By clicking “Sign up for GitHub”, you agree to our terms of service andprivacy statement. We’ll occasionally send you account related emails.
Already on GitHub?Sign in to your account
Conversation6 Commits2 Checks0 Files changed
Conversation
This file contains hidden or bidirectional Unicode text that may be interpreted or compiled differently than what appears below. To review, open the file in an editor that reveals hidden Unicode characters.Learn more about bidirectional Unicode characters
[ Show hidden characters]({{ revealButtonHref }})
- closes #xxxx (Replace xxxx with the GitHub issue number)

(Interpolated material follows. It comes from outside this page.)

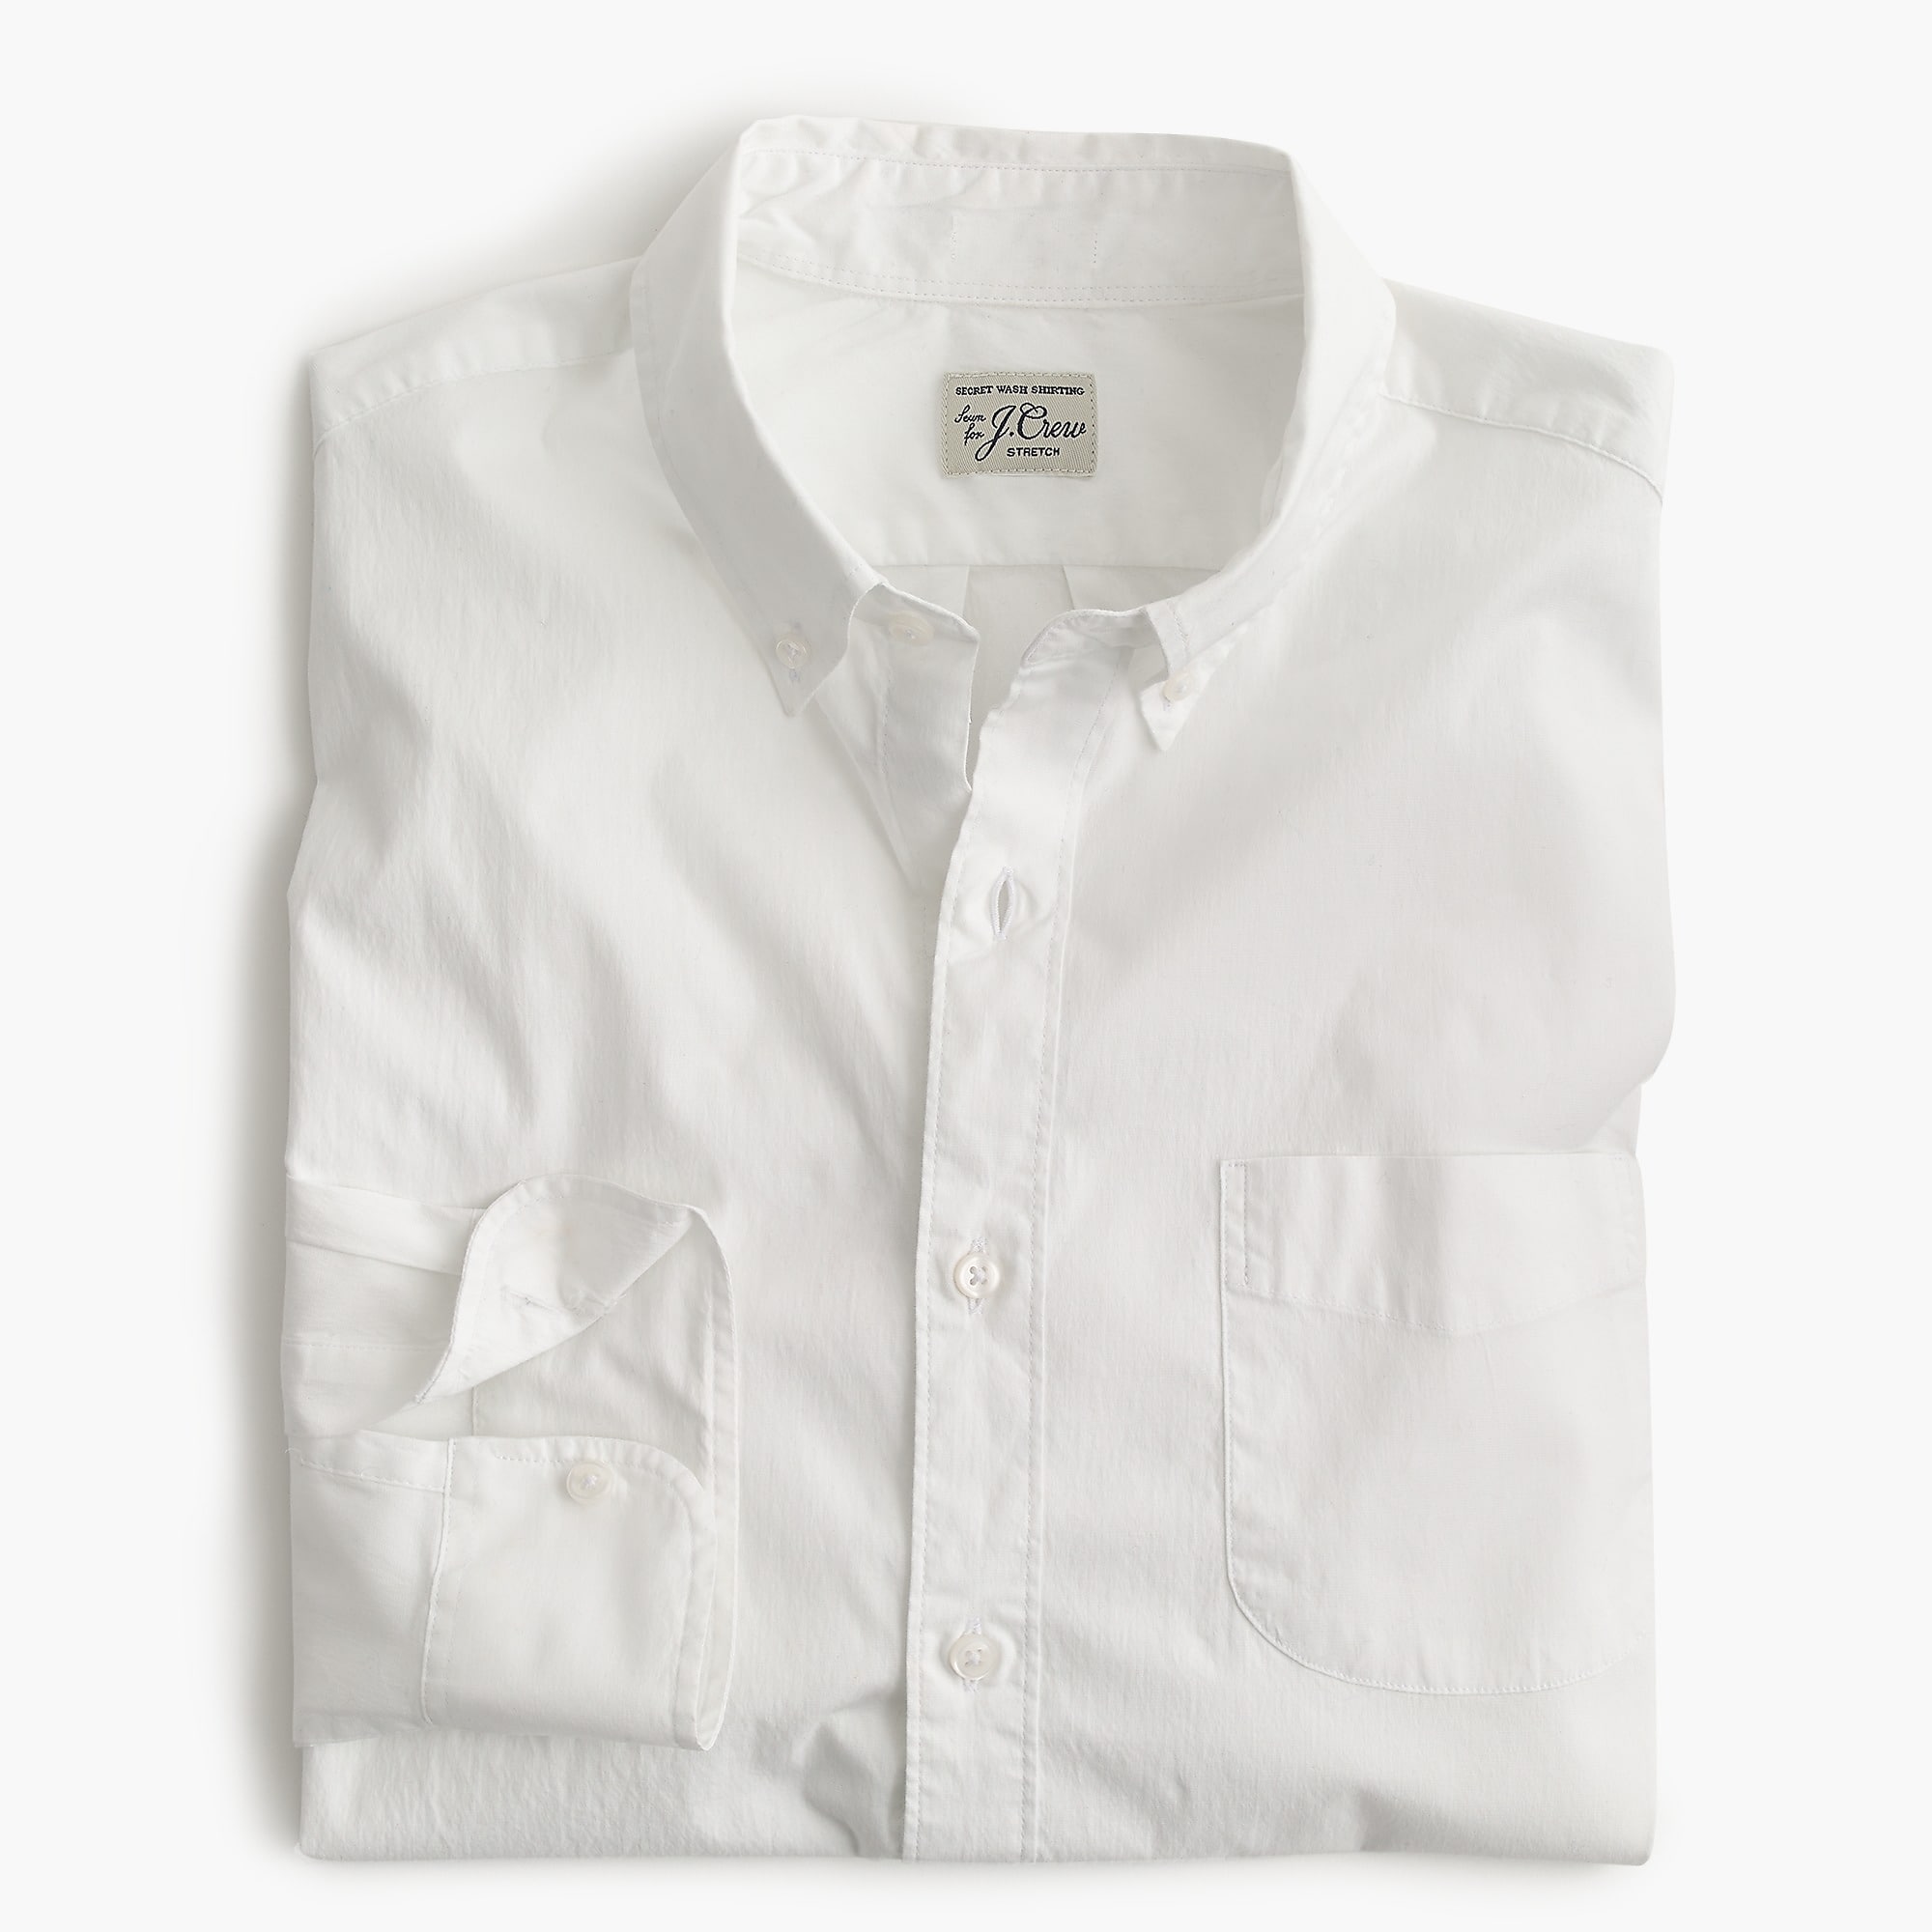  Slim Untucked stretch Secret Wash shirt in white poplin
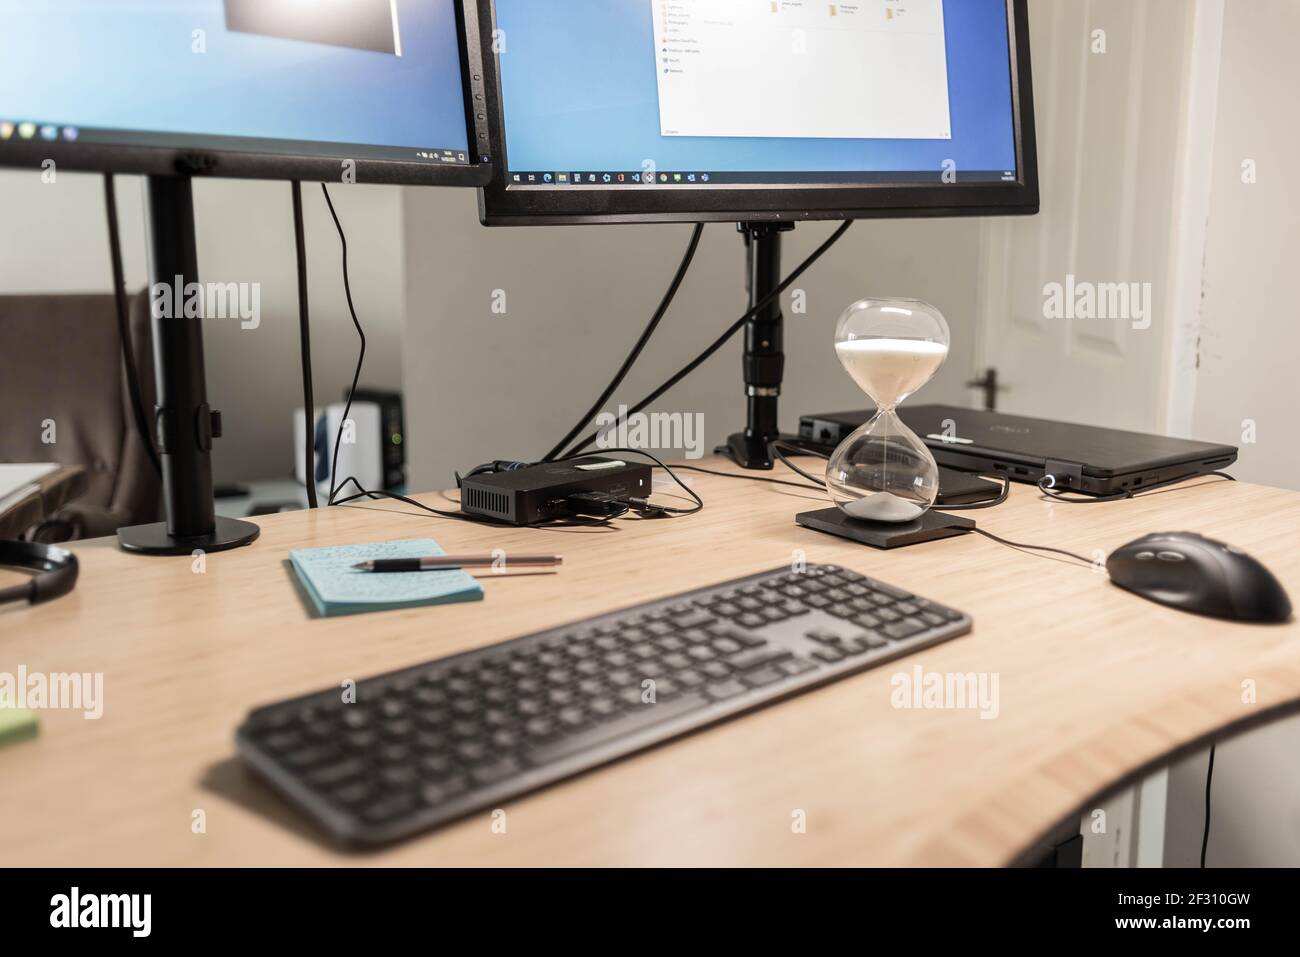 Una vista de cerca de un escritorio de una estación de trabajo con monitores, teclado, ratón, portátil, estación de acoplamiento y un temporizador de arena utilizado como técnica de enfoque. Foto de stock

- Tests added and passed if fixing a bug or adding a new feature
- All code checks passed.
- Added type annotations to new arguments/methods/functions.
- Added an entry in the latest
doc/source/whatsnew/vX.X.X.rst
file if fixing a bug or adding a new feature.
Part of #55179. With this, I'm seeing time plummet in the benchmark
tslibs.tz_convert.TimeTZConvert.time_tz_localize_to_utc(1000000, tzfile('/usr/share/zoneinfo/Asia/Tokyo'))
from 159ms (Cython 0.29) and 271ms (Cython 3.0.2) to ~5-6ms on both.
Any suggestions on how to write a whatsnew note here? Perf improvement when localizing time to UTC?
Choose a reason for hiding this comment
The reason will be displayed to describe this comment to others. Learn more.
wow, nice
and yeah, listing a perf improvement in whatsnew sounds good
Choose a reason for hiding this comment
The reason will be displayed to describe this comment to others. Learn more.
nice find
This is great. One potential future issue to be aware of though: this locks us in to having only 1D ndarrays passed to _get_utc_bounds
. This isn't a problem ATM since the calling function tz_localize_to_utc
is already locked in. But if we ever wanted to make tz_localize_to_utc
handle unknown-ndim (which is on my radar bc it would allow removing the potentially-copying @dtl.ravel_compat
from DatetimeArray.tz_localize
) this would become an issue. So no worries, just heads up.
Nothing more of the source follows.